The former president’s body lay in an open casket, surrounded by an honor guard of two rifle-wielding Kremlin Regiment members, with the hall’s 54 chandeliers emitting only a dim glow. Close family friends sat nearby with his daughter Irina and her two daughters.

Russians of all ages filed through the hall, placing flowers on a plinth at the foot of the casket and looking down as somber music played and a giant black and white portrait of Gorbachev on the wall looked down.

Gorbachev’s legacy still divides opinion inside and outside Russia. He is best known in the West for helping to end the Cold War, reducing his country’s nuclear stockpile, and unwittingly presiding over the demise of the Soviet Union.

Those who went out of their way to pay their respects on Saturday recalled the late politician, who died in Moscow after an unspecified illness, with affection and gratitude.

“He was a peacemaker, one of God’s sons,” said Tatiana, 80, who came despite her poor health.

“He wanted to give us democracy and freedom, and we turned out to be not very ready,” said Alexander Lebedev, a tycoon and close friend who once helped Gorbachev fund an opposition-leaning newspaper.

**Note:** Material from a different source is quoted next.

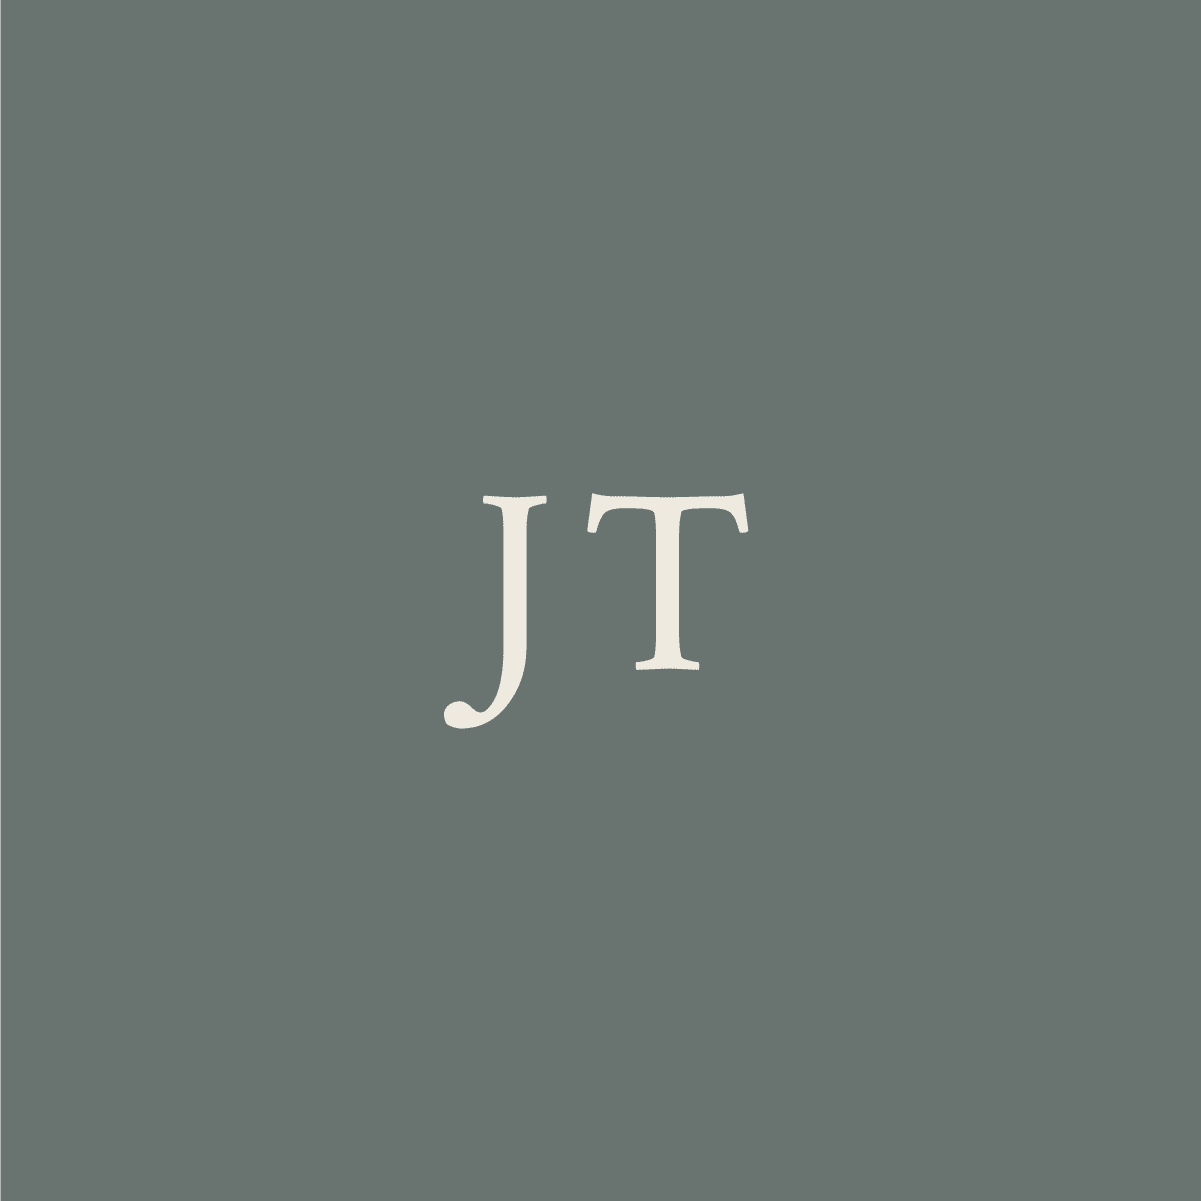 JT initials

“That is unfortunate, but we will remain a European country. This period of history will come to an end one day.”

PUTIN NO-SHOW
Gorbachev, who received the Nobel Peace Prize in 1990 for his role in bringing the Cold War to an end, will be buried alongside his wife Raisa, who died in 1999, in Moscow’s famous Novodevichy cemetery.

President Vladimir Putin paid his respects to Gorbachev at the hospital where he died on Thursday, but he did not attend Saturday’s memorial service, citing his busy schedule, according to the Kremlin.

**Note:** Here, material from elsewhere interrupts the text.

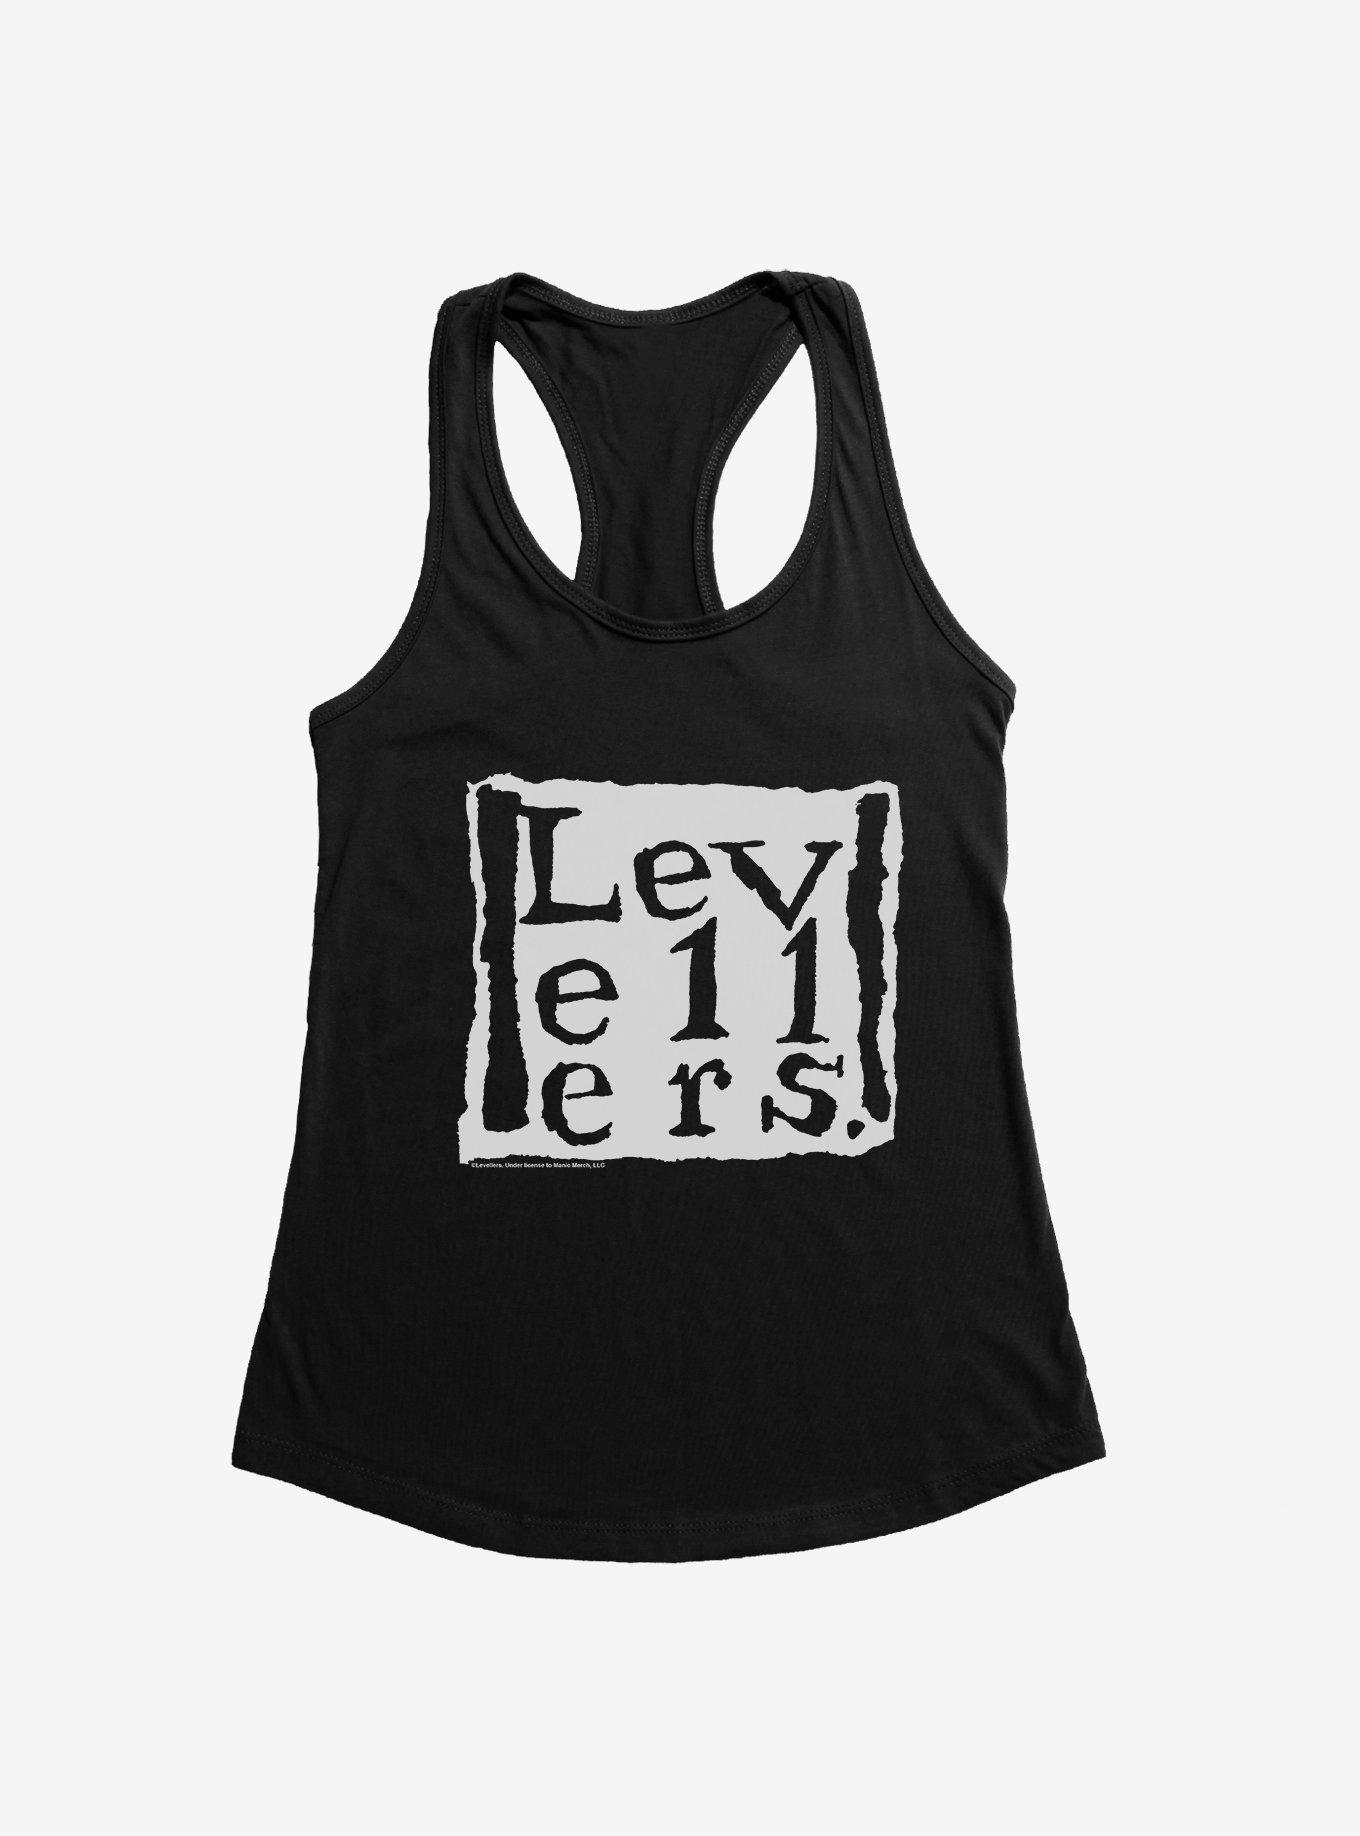 Levellers Band Logo Girls Tank, BLACK, hi-res

Neither Gorbachev nor his nemesis Boris Yeltsin, Russia’s first post-Soviet president and the man who named Putin as his successor, received a full state funeral.

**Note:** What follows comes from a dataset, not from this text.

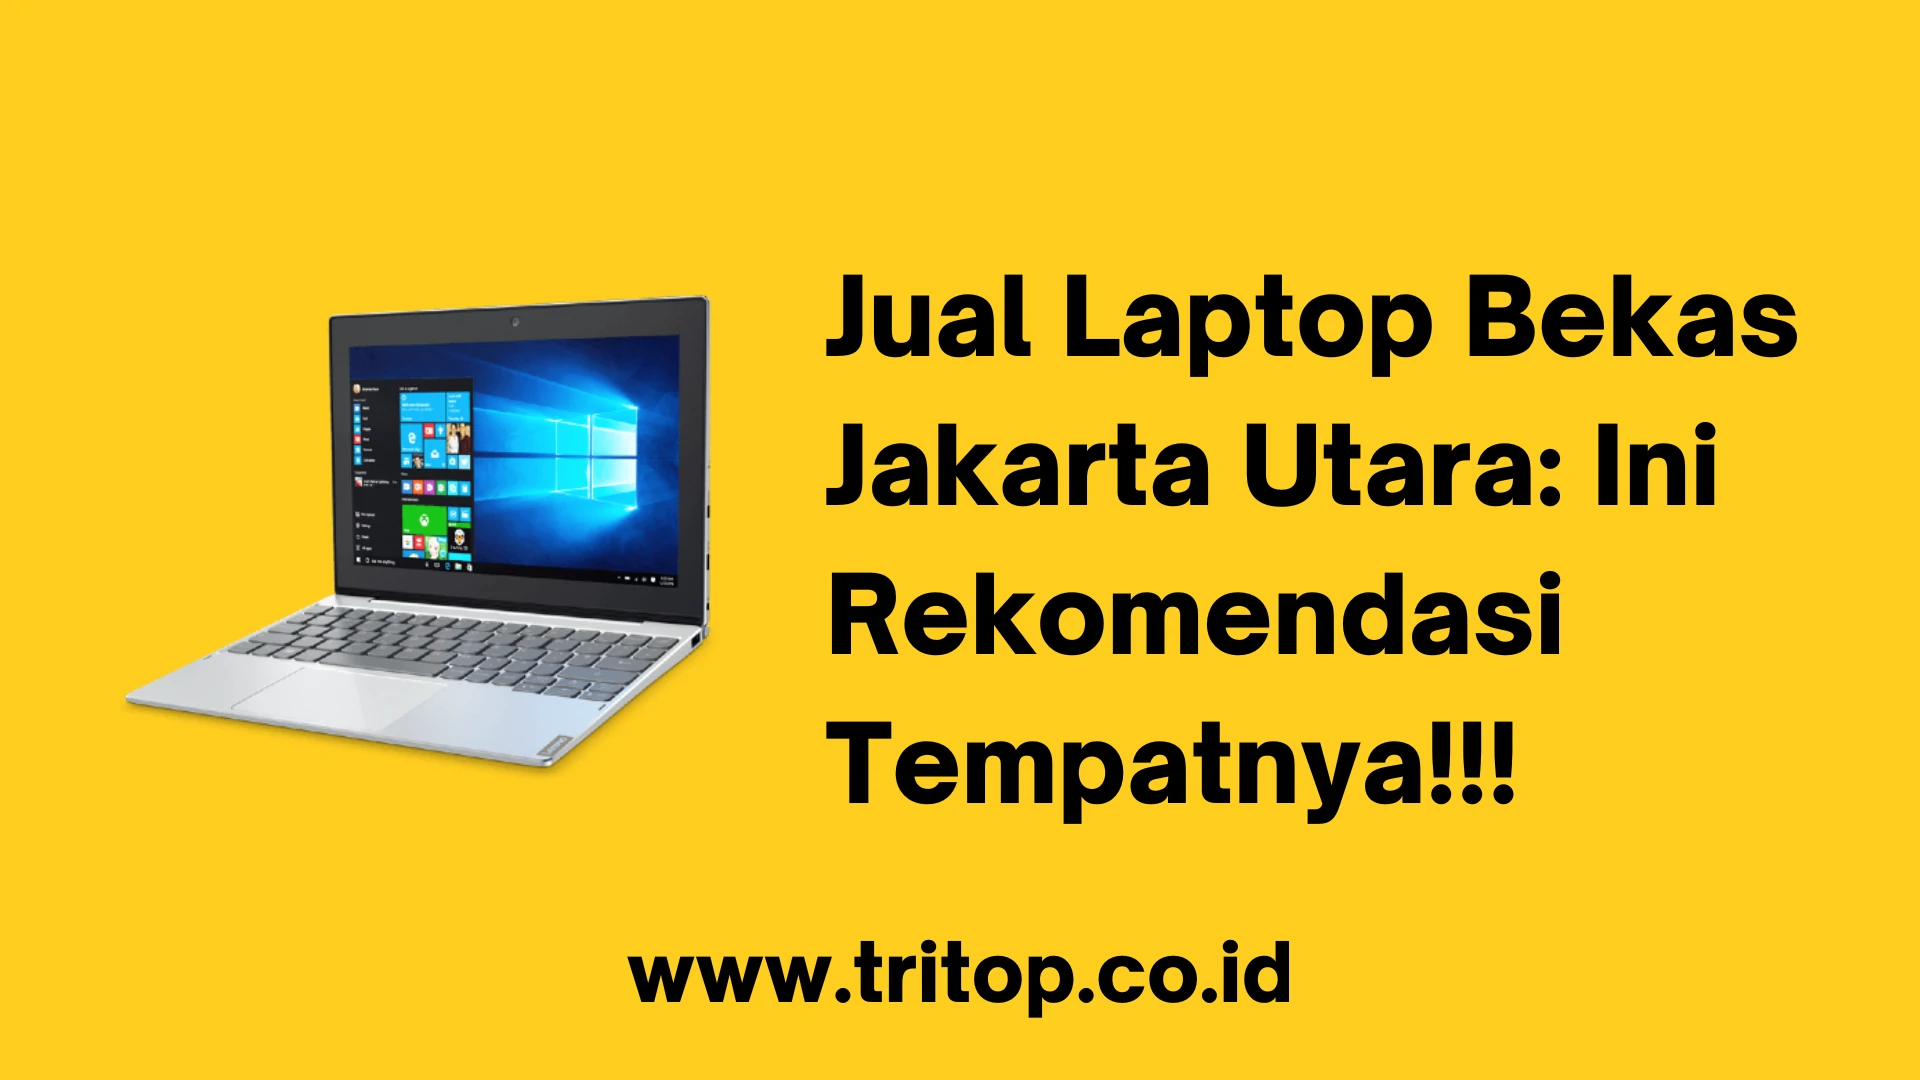 Jual Laptop Bekas Jakarta Utara

Some interpreted Putin’s absence as a calculated snub from a former KGB officer who has reversed many of Gorbachev’s reforms and has stated that the 1991 collapse of the Soviet Union was the greatest geopolitical disaster of the twentieth century, which he would reverse if given the chance.

“I think it’s a statement,” veteran journalist Vladimir Pozner told Reuters.

“And I don’t think Mr. Putin is a big fan of Mr. Gorbachev. That is his right; he is not required to be. I believe they saw the world in very different ways.”

Gorbachev, like Putin, was crushed by the Soviet Union’s demise, but many Russians blame him for starting a reform process that spiraled out of control and emboldened many of the USSR’s 15 republics to secede.

This ushered in a period of newly discovered freedoms in Russia, but also prolonged economic suffering and a sometimes bloody and one-sided redistribution of state property, leaving many Russians angry and humiliated.

SILENT PROTEST?
Former Russian President Dmitry Medvedev, now the Security Council’s deputy chairman, paid his respects to Gorbachev on Saturday, as did some other senior pro-Kremlin politicians, but not all.

Hungarian Prime Minister Viktor Orban laid flowers at the funeral and was expected to attend as well. However, with the West heavily sanctioning Russia for what Putin refers to as his “special military operation” in Ukraine, other European and Western leaders were absent.

Many of the mourners were young Russians who had not even been born when the Soviet Union fell apart.

“Yes, he made some serious socioeconomic mistakes, but they pale in comparison to what he did for press freedom and international relations. Things like the fall of the Berlin Wall, for example, “said Oleg, a 22-year-old former history student.

According to historian Andrey Zubov, who knew Gorbachev, the presence of young people was a silent protest against the current political system.

However, given Gorbachev’s role in modern Russian history, he was disappointed by the turnout, implying that few Russians valued freedom over tyranny.

“When Stalin was laid to rest here (in 1953), hundreds of thousands came, and some people were killed in the crash,” Zubov explained.

“However, when Gorbachev died, thousands of people gathered to pay tribute to a man who gave us our freedom. It’s not much.”